SOURCE INFORMATION below:

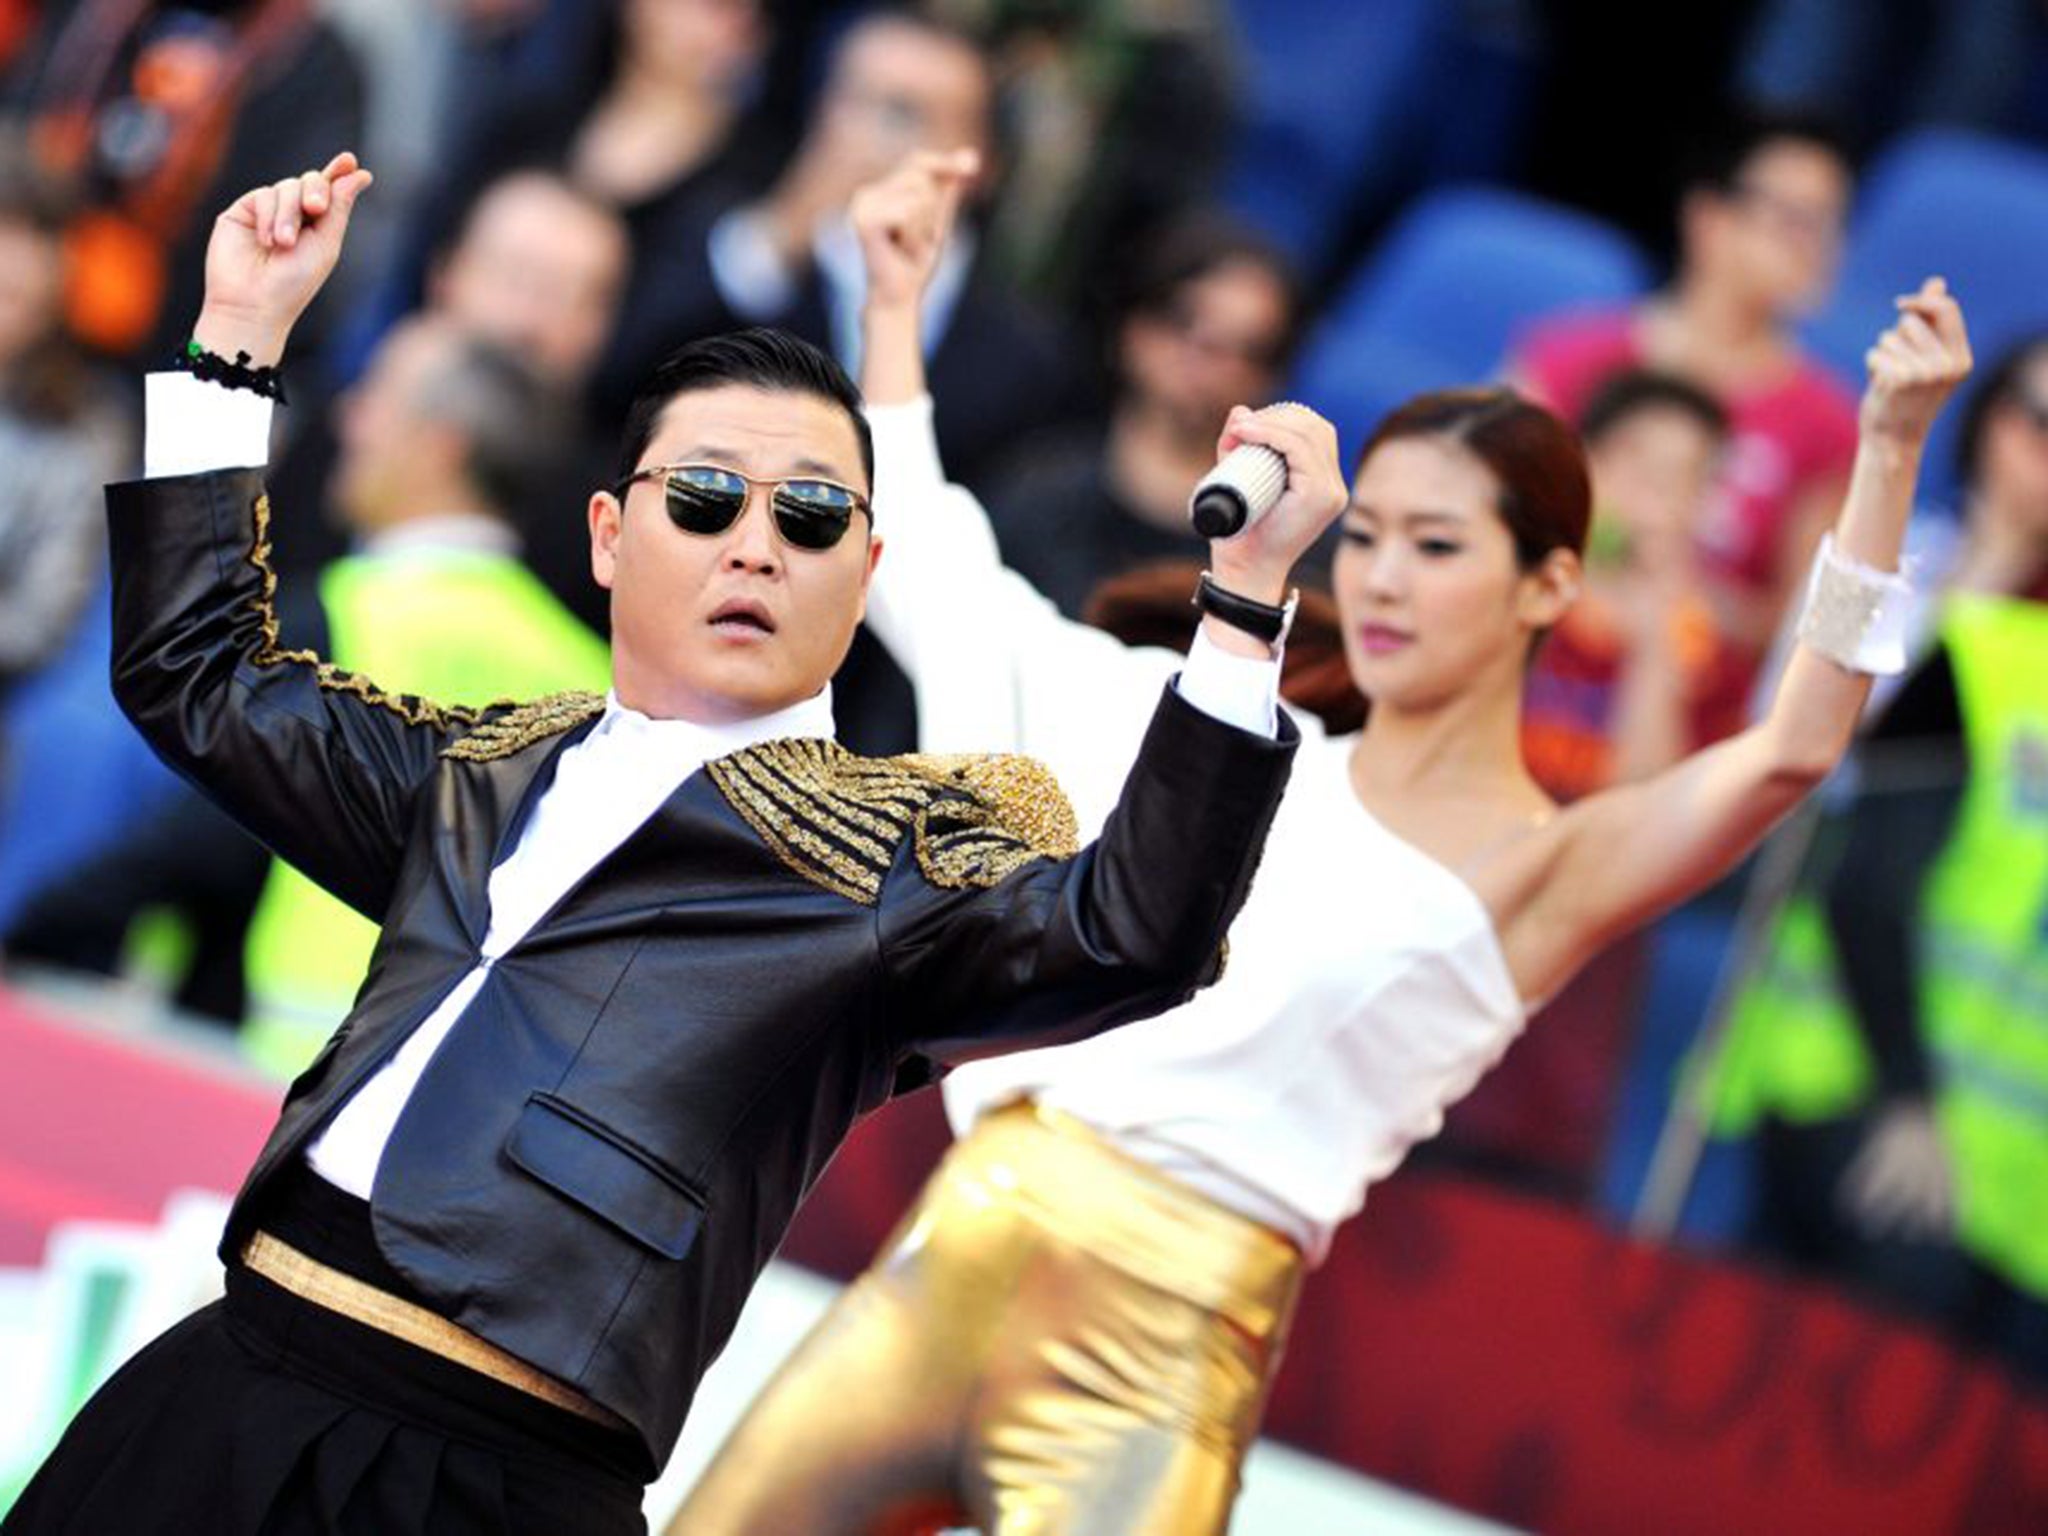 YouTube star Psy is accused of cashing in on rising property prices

End of SOURCE INFORMATION.
SOURCE INFORMATION below:

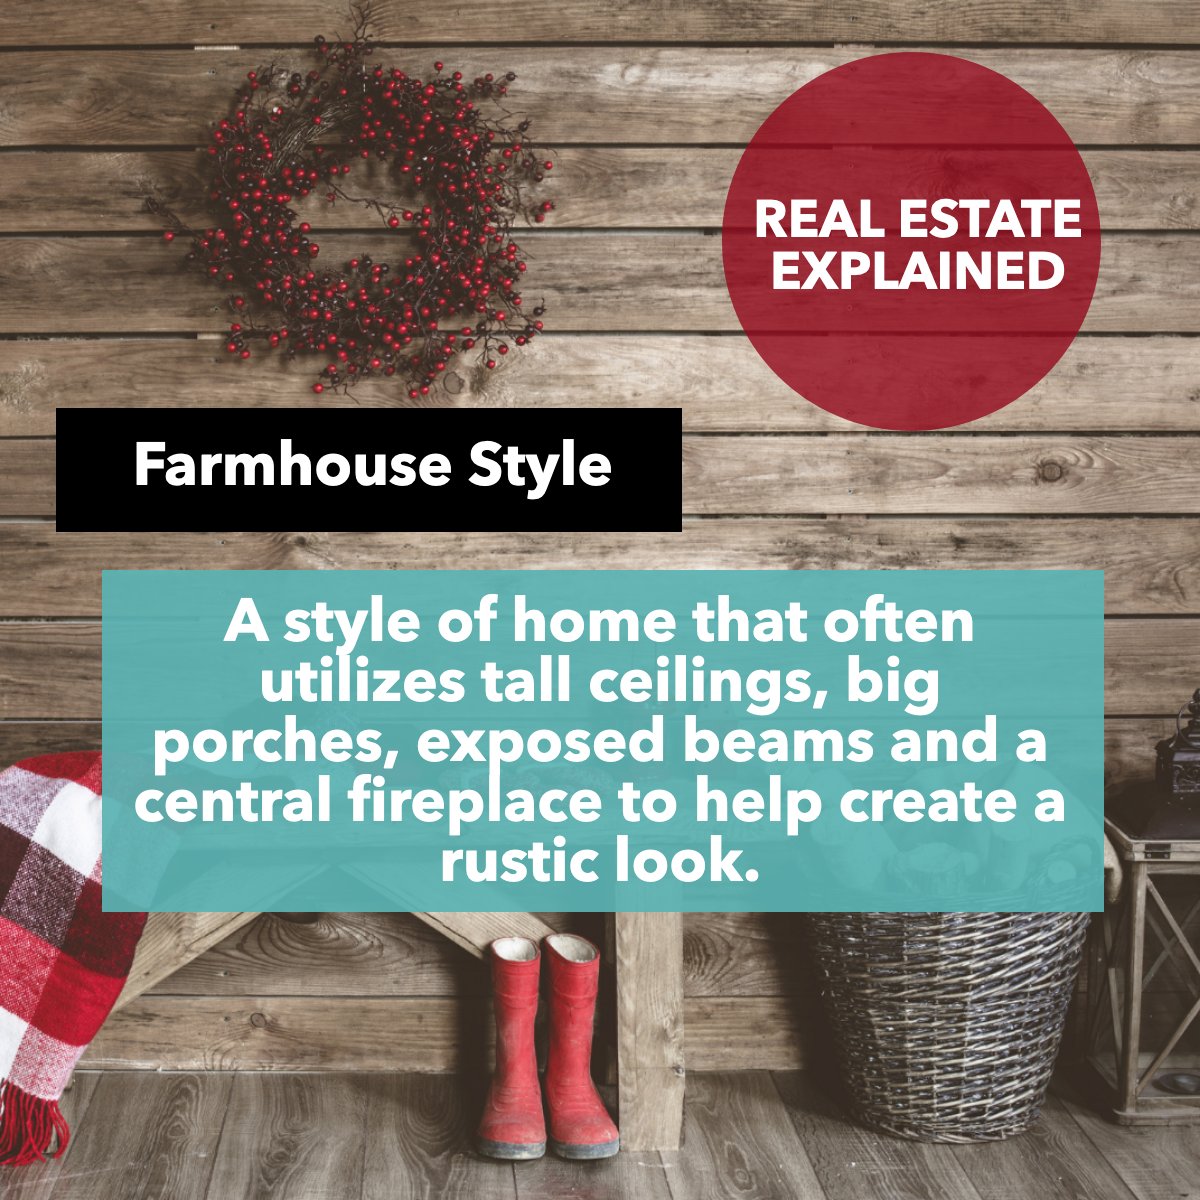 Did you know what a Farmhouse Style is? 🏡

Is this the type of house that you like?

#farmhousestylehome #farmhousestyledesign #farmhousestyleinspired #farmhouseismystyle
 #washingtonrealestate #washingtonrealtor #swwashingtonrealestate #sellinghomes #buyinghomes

End of SOURCE INFORMATION.
SOURCE INFORMATION below:

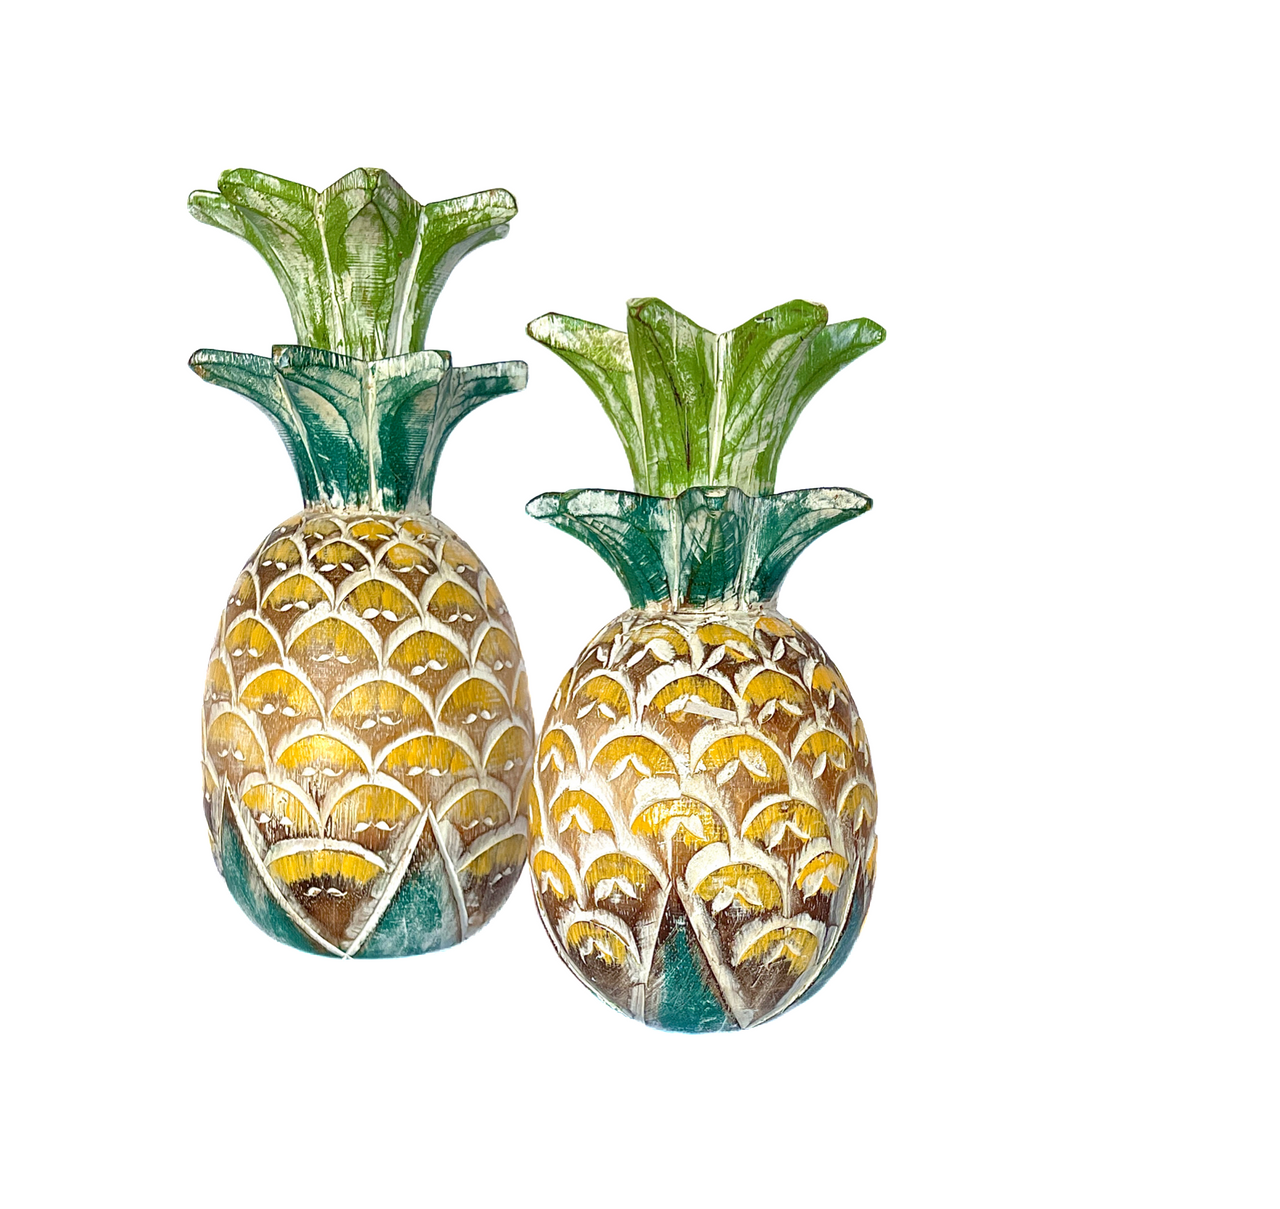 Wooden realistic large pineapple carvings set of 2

End of SOURCE INFORMATION.

The data above holds the lines to copy: start at the one with "Did you know what a Farmhouse Style is? 🏡", stop at the one with "#washingtonrealestate #washingtonrealtor #swwashingtonrealestate", include both, copy them exactly without pictures, and copy nothing else.

#### PROBLEM SOLUTION:
 Did you know what a Farmhouse Style is? 🏡

Is this the type of house that you like?

#farmhousestylehome #farmhousestyledesign #farmhousestyleinspired #farmhouseismystyle
 #washingtonrealestate #washingtonrealtor #swwashingtonrealestate #sellinghomes #buyinghomes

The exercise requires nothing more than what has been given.